The statute also explicitly removes any possible defense based on the insiders' intentions or expectations not to engage in short-swing sales at the time of entering the transactions.
Thus the courts have consistently noted the congressional objective in creating a mechanical "flat rule" which reaches instances not merely with evil actually existing but where even the potential for speculative abuse is found. See Kern County, supra, 411 U.S. at 592. Reliance Electric Co. v.
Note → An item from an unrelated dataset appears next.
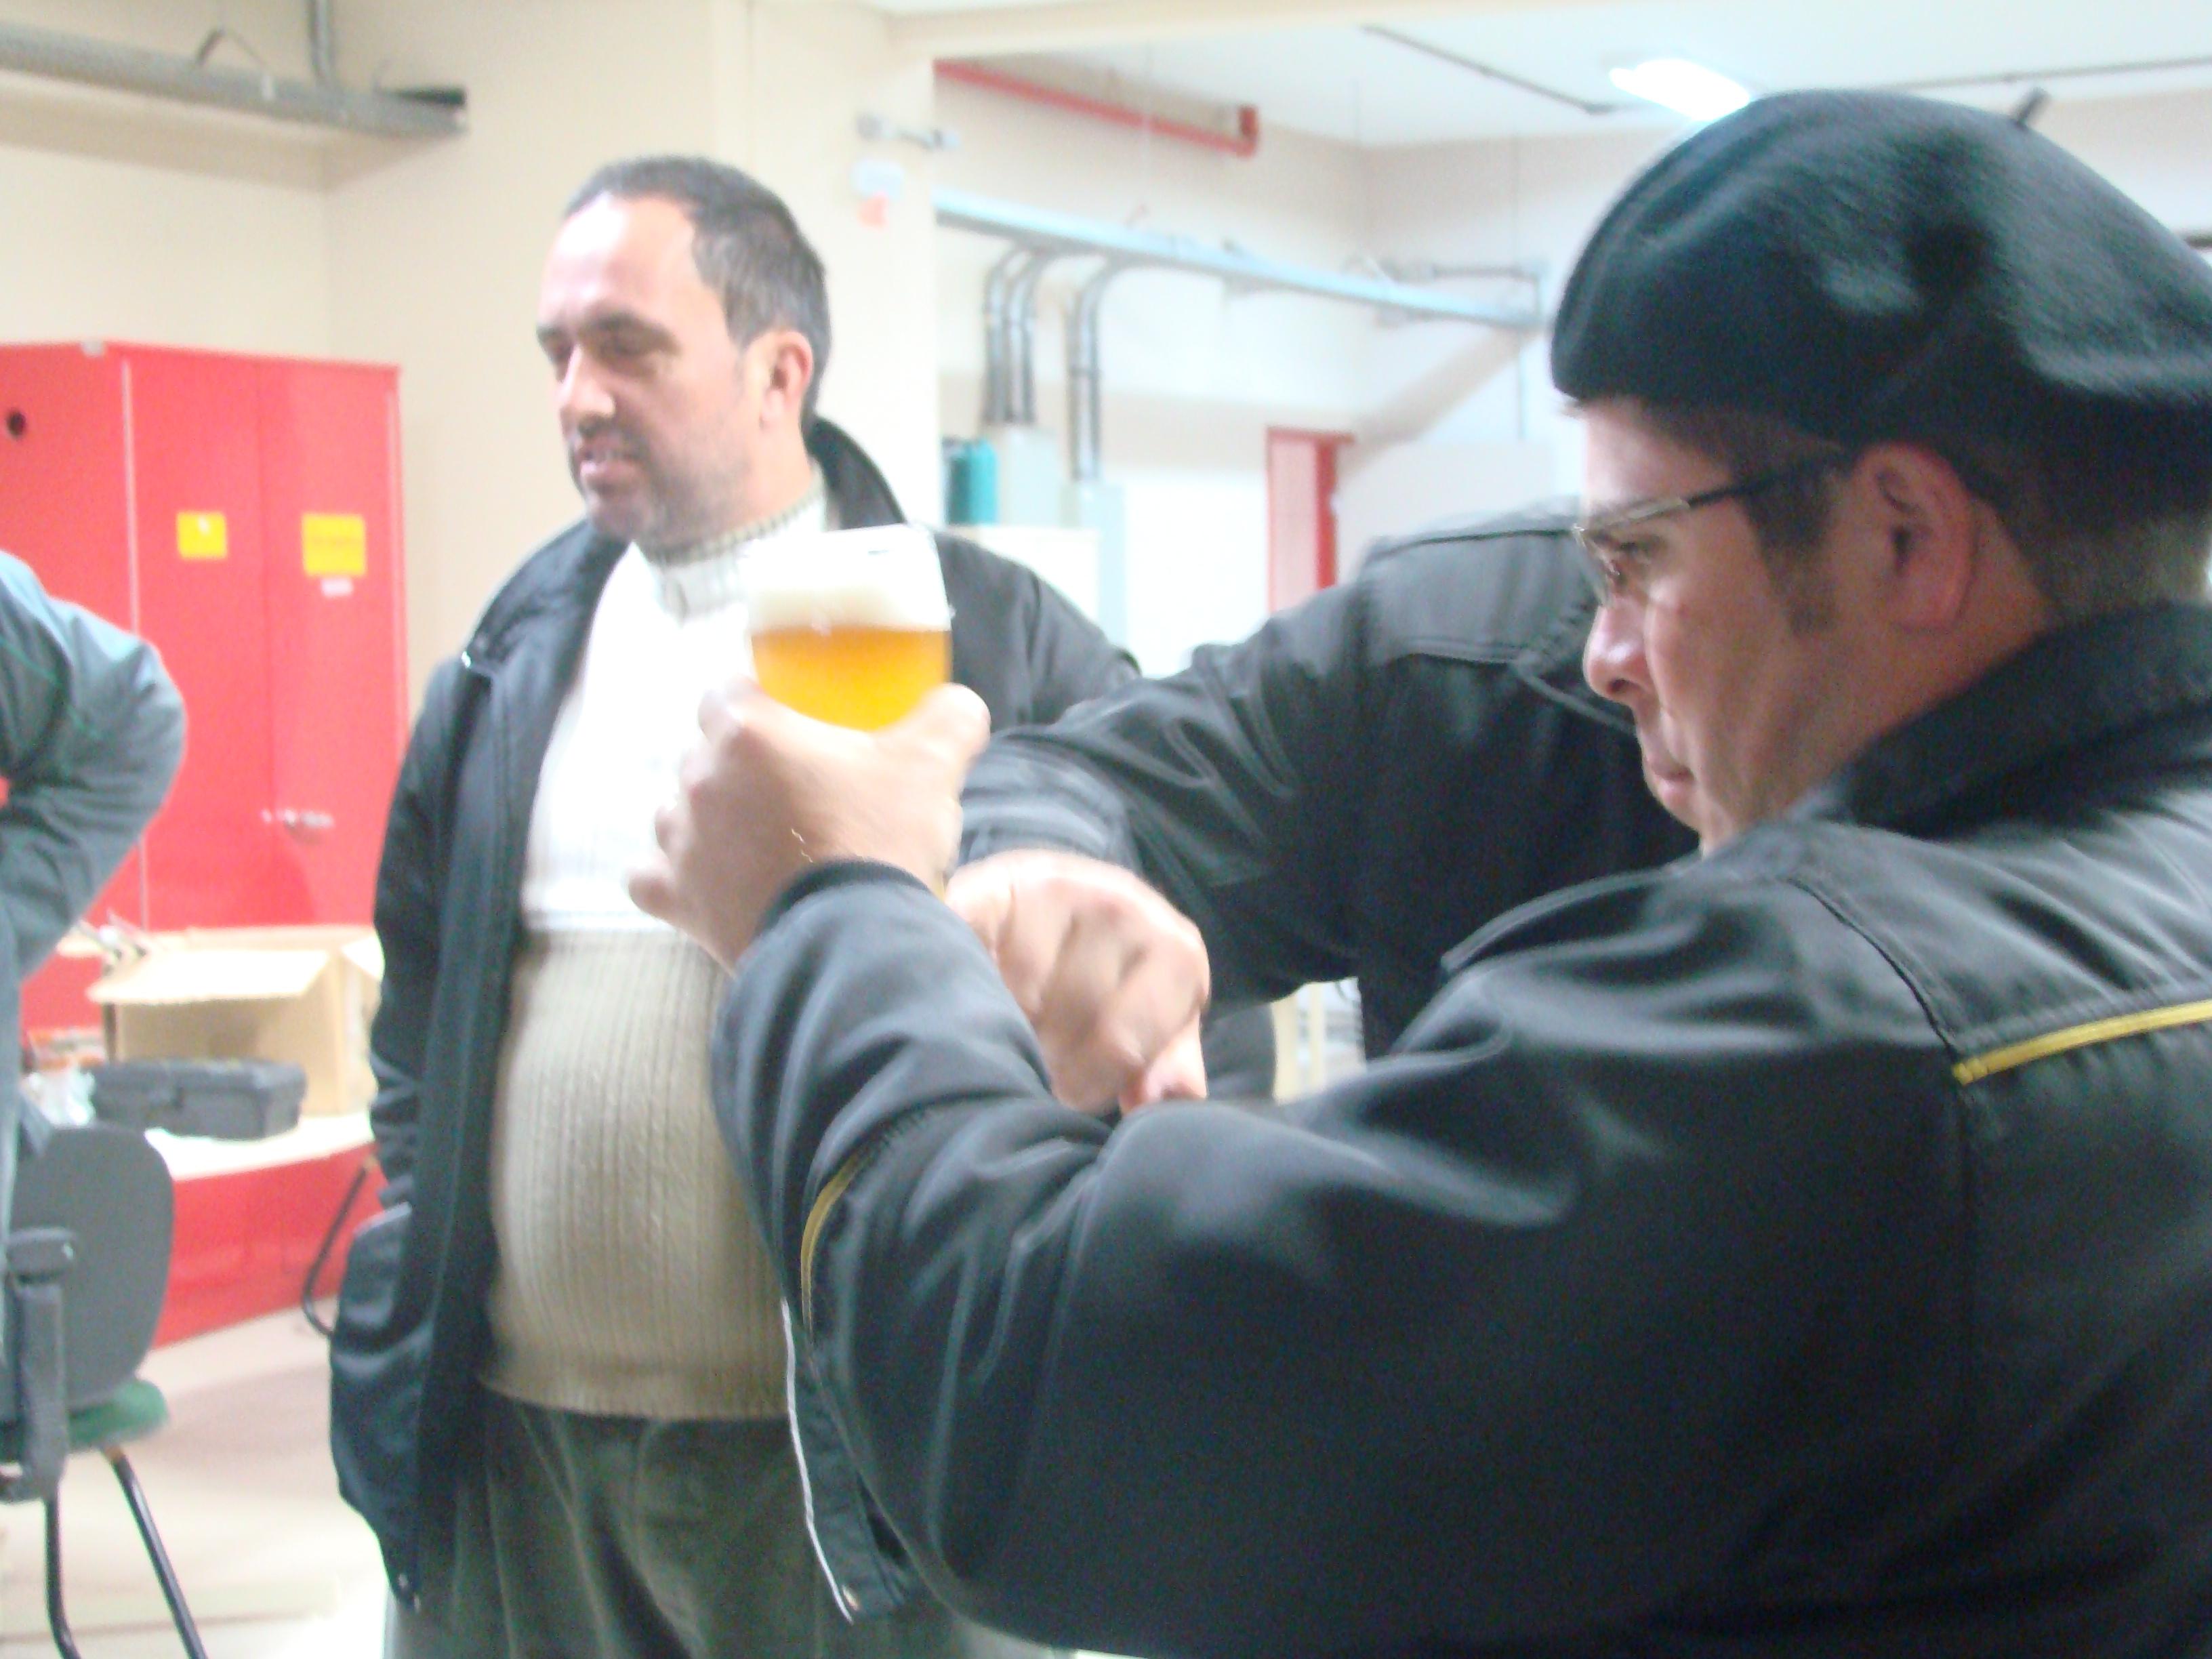 Homem segura copo de cerveja com uma das mãos e a observa. Outro homem figura o fundo da foto.
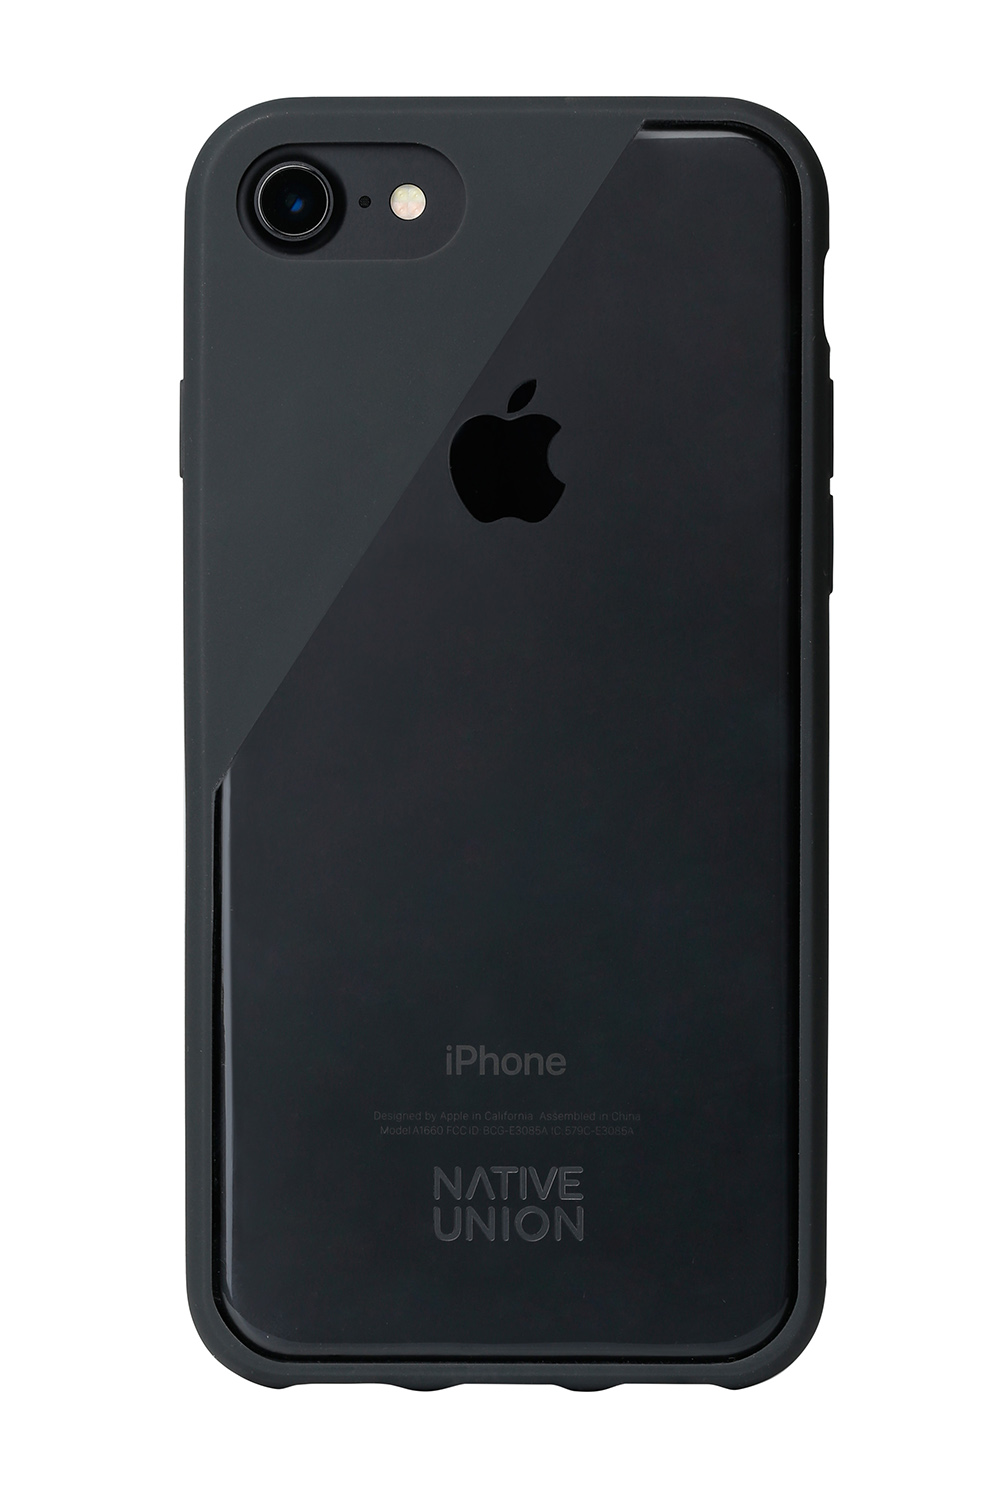 【Native Union】CLIC Crystal 水晶空壓手機殼-黑(iPhone 7)

Emerson Electric Co., 404 U.S. 418, 422, 30 L. Ed. 2d 575, 92 S. Ct. 596 (1972).
Consequently no proof of actual abuse of insider information is required under such a standard, and the result is what Congress saw as a
"relatively arbitrary rule capable of easy administration [which] imposes strict liability upon substantially all transactions occurring within the statutory time period, regardless of the intent of the insider or the existence of actual speculation." Reliance Electric Co., supra, 404 U.S. at 422 quoting Bershad, supra, 428 F.2d at 696.
However, the mechanistic application of the Section does not extend to "unorthodox" transactions, see Kern County, supra, 411 U.S. at 594-95; Makofsky v. Ultra Dynamics Corp., 383 F. Supp. 631, 637 (S.D.N.Y. 1974). Thus the question this Court faces, and which many federal courts have grappled with in the past, to wit, whether particular transactions are "purchases" or "sales" within the meaning of the Section, cannot always be resolved by any mechanical test.
"The complexities of the commercial and financial world . . . have defied the draftmen's efforts at neat classification. Whether certain 'unorthodox' transactions . . . are 'purchases' or 'sales' for the purposes of section 16(b) cannot be resolved by mere reference to the words of the statute." Newmark, supra, 425 F.2d at 351.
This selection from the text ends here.